Caitlin was at craft club at our Gym. She fell over, and bumped her head. They checked her over and saw she was ok, physcially, but they aren’t aware of the mental implications. Caitlin withdraws in times of anxious-ness, so instead of crying and showing she’s hurt or worried, instead of saying she needed to go to Mumma or Daddy, instead of saying she feels she needs comfort, she holds it in.

This is what happened at craft club. She held it in. She didn’t get the comfort she needed, Mumma always gives her arnica for a bumped head – this is a sign she’s being looked after and being kept safe. This is not a “normal” response for places like the gym, so naturally she didn’t get it. To her this felt like neglect. She’s only recently learned how to protect herself when falling (arms out). So when she falls, she gets super worked up inside (like someone is trying to hurt her), she needs to be comforted and talked back around from this.

Now, I am not writing this to bash the gym in the slightest; without producing a binder of “Caitlin psychology” I am not possibly going to be able to cover every action/reaction/consequence with them.
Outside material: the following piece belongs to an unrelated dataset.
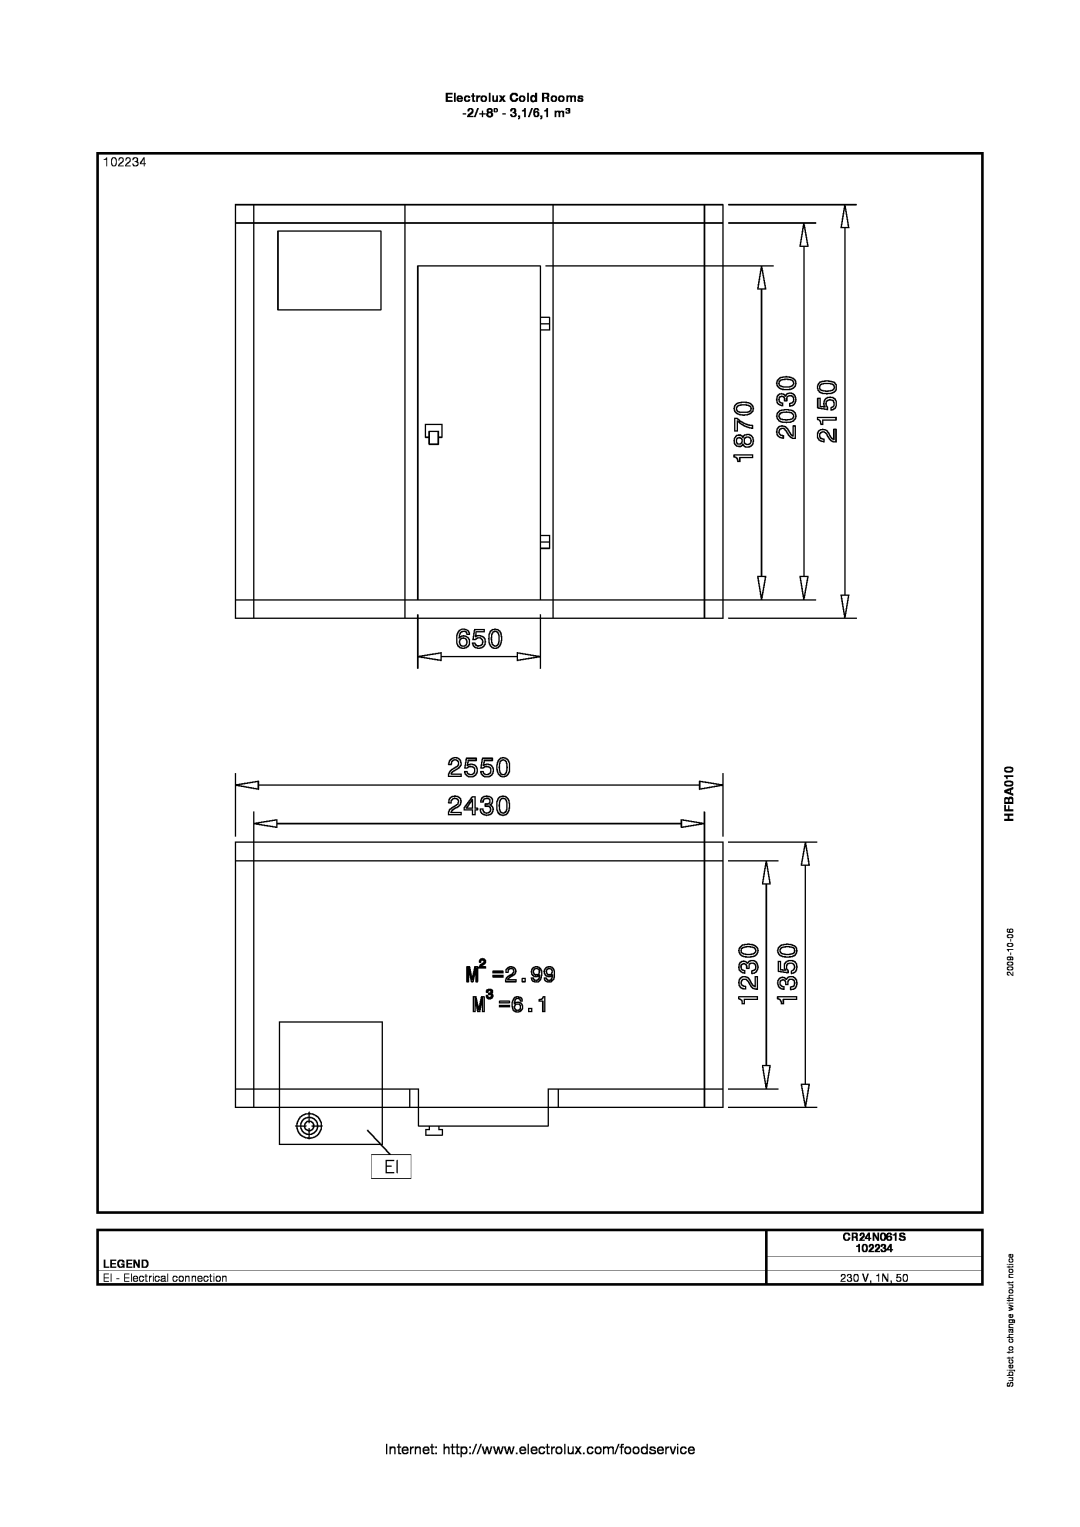 Electrolux 102028 manual 102234, Electrolux Cold Rooms -2/+8º - 3,1/6,1 m³, HFBA010, CR24N061S, EI - Electrical connection 
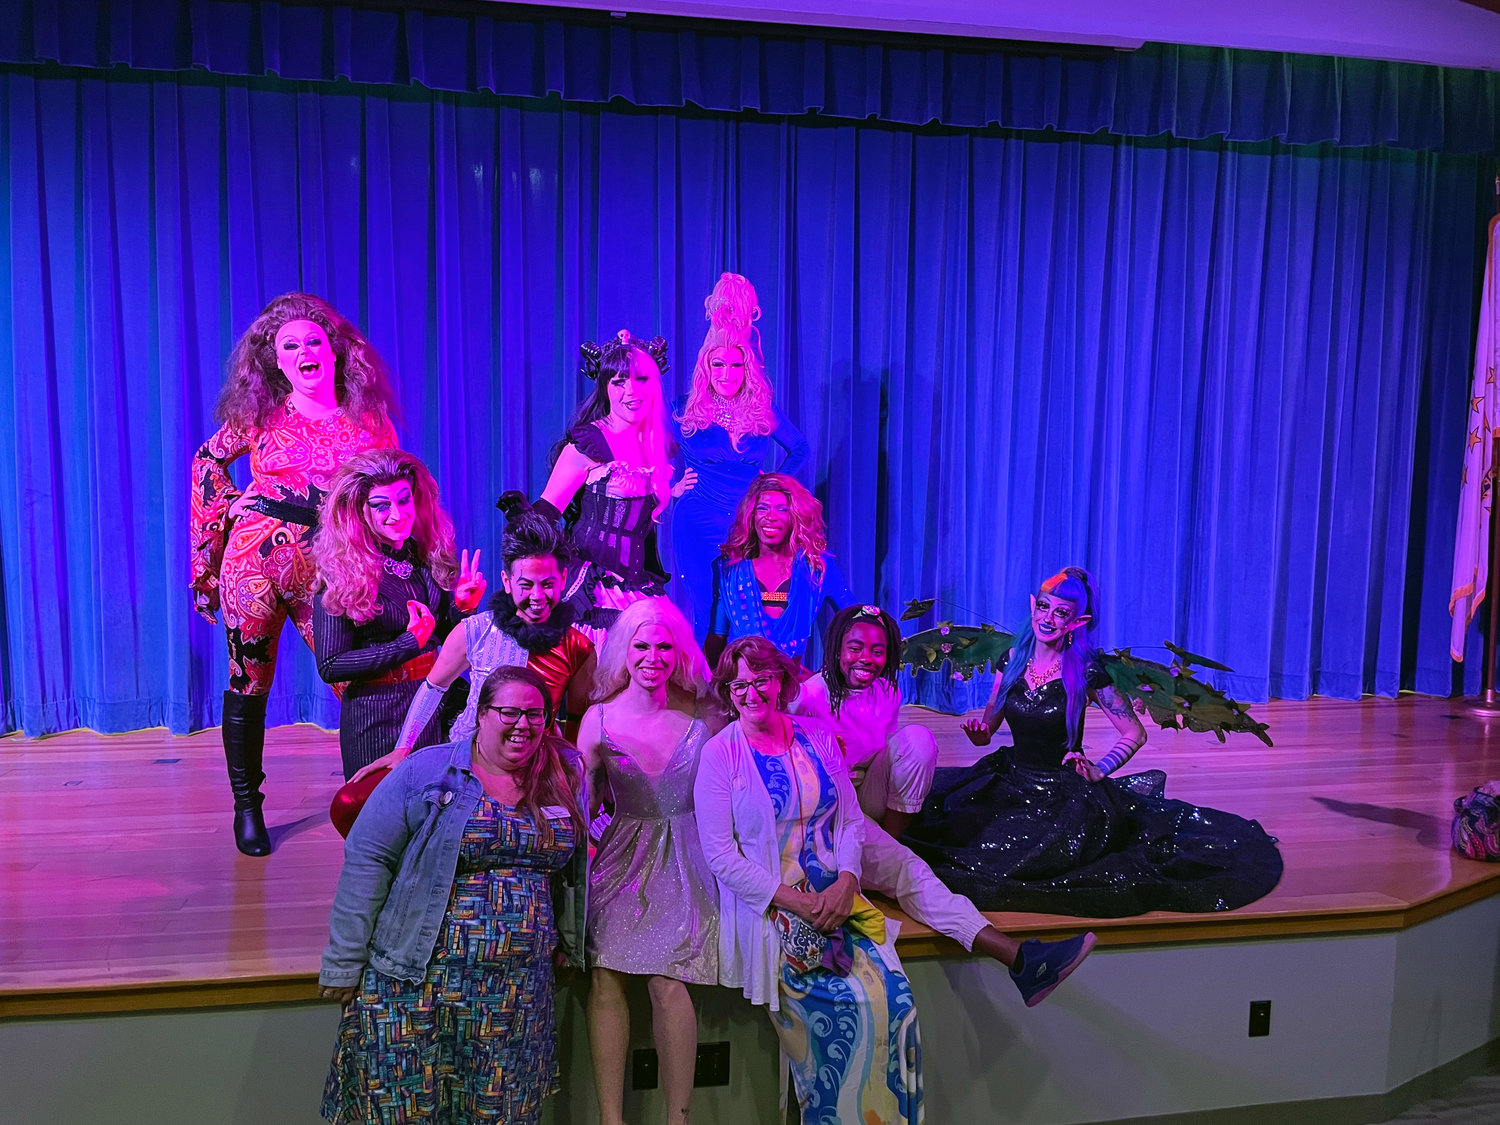 BaySide Pride recently organized a Drag Extravaganza that was held at Barrington Public Library.

Instead to highlight how easy it easy to not see what’s really going on, and what the consequence of that is.

So onward to the consequences…

By the time she got home, she was frantic. It was actually Daddy Bruce who’d taken her to the gym – Mumma had stayed at home to do some work. Daddy Bruce and Caitlin still have some patches in their relationship (due to some of the issues of Caitlin’s past) so when she’s at her most anxious it’s only Mumma that can console her and bring that anxiety back down. They had been due to stay for a play in the soft play afterwards, but that couldn’t happen, Bruce could see there was no point so he’d headed straight home.

Some arnica and some rescue remedy later and she was calm enough to have cuddles, but at this point needed to feel the nurture, care and safety she required right down to the core. I asked her what would help and threw some suggestions out there. The response was effectively to become a baby; a bottle of warm milk, some cuddles with Mumma, a blanky, a nappy and some time. She was extremely clingy for a few hours, but once she could settle her mind back into feeling safe and cared for, all was good.